The Use of Gender-Based Violence During Armed Conflicts

By Stephanie Lewis for the Global Justice Blog

Acts of sexual violence against both men and women have often been used as a military tactic during times of armed conflict. The Statute of the International Criminal Court is the first instrument in international criminal law that explicitly recognizes rape, sexual slavery, enforced prostitution, forced pregnancy, enforced sterilization, persecution on the basis of gender, and other forms of sexual violence of comparable gravity as crimes against humanity when they are committed “as part of a widespread or systematic attack directed against any civilian population” and “pursuant to or in furtherance of a State or organizational policy to commit such an attack.”[1] Except for forced pregnancy, these crimes of sexual violence are prohibited when they are committed against “any person,” not just women.

The most recent Sexual Violence in Armed Conflict (SVAC) dataset covers sexual violence during 129 conflicts active between 1989 and 2009 and the post-conflict periods immediately thereafter.[2] The dataset focuses on actions conducted by armed actors, including active state militaries, pro-government militias (PGMs), and rebel groups. According to the SVAC dataset, 42% of state actors were reported as perpetrators of sexual violence at some point during the study period, whereas the study received reports of sexual violence conducted by only 24% of rebel groups and 17% of militias.[3] These numbers, however, may be biased in reporting because state actors wear uniforms and are likely more recognizable than rebel groups.[4]

Culturally, we tend to hear about rebel groups using acts of sexual violence to target women and girls during times of conflict. Perhaps the most recent prominent example is the kidnapping of 200 Nigerian schoolgirls by the rebel group Boko Haram. This gender-based violence may, in some aspects, be tactical. Women and young girls held in captivity by the group have reported being forced to cook and clean for the group and carry out operational tasks, such as luring government soldiers to areas where they may be targeted.[5] While Boko Haram’s ideology does not specifically call for the level of violence we have seen against Christian women, this targeted victimization fits within the group’s strategy of terrorizing Christian communities and forcibly imposing the traditional gender norms found under Shariah law.[6]

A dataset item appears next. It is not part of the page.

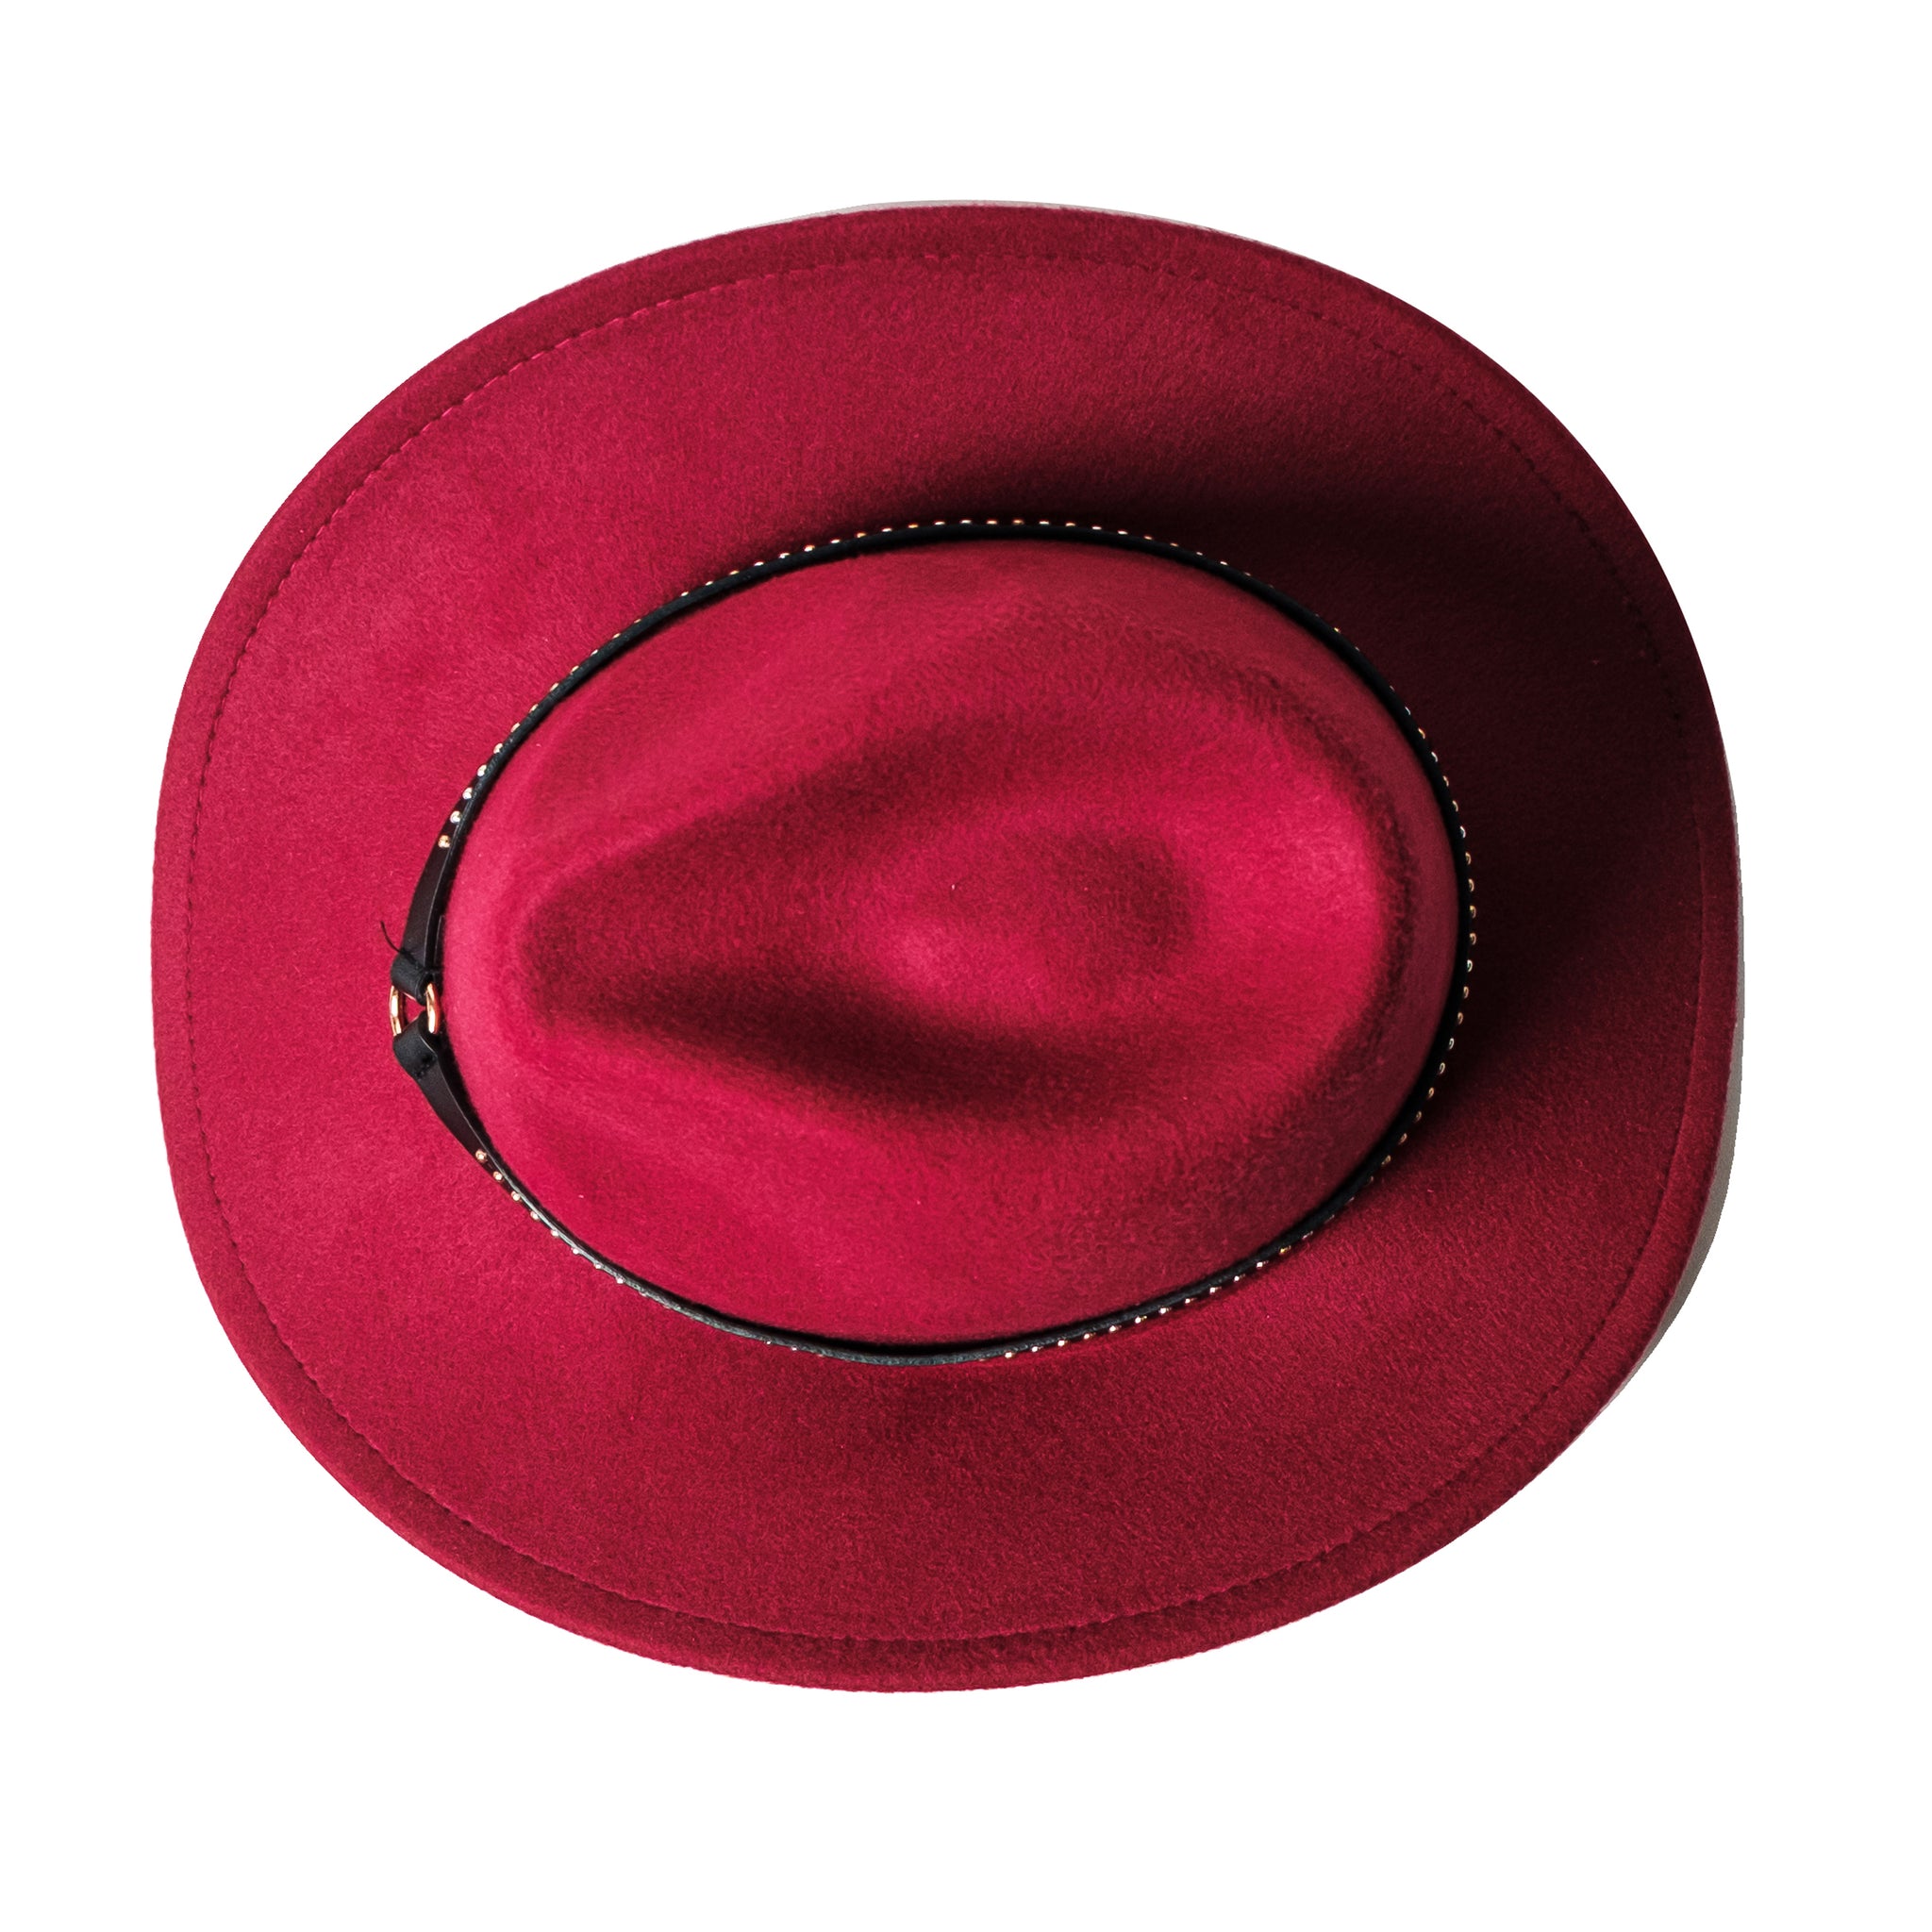 Chokore Cowboy Hat with Belt Band (Burgundy)

Unfortunately, it is highly difficult to account for the number of times acts of sexual violence have been committed due to underreporting and biases from analyzing the data. Victims will often be unwilling or unable to report sexual violence because of shame, a fear of stigmatization, a fear of retributive violence, and an inability to reach authorities.[7] These crimes are particularly underreported when sexual violence is used by men against men. Men are often unwilling to discuss their victimization because they believe it is incompatible with their masculinity.[8] Even if they are willing to discuss acts of sexual violence they have been subjected to, they may see it as simply beatings or torture instead of sexual violence.[9] Furthermore, if they are unable to prove sexual violence, they could potentially be found guilty of consensually engaging in homosexual activity if it is a criminal offense in their nation.[10]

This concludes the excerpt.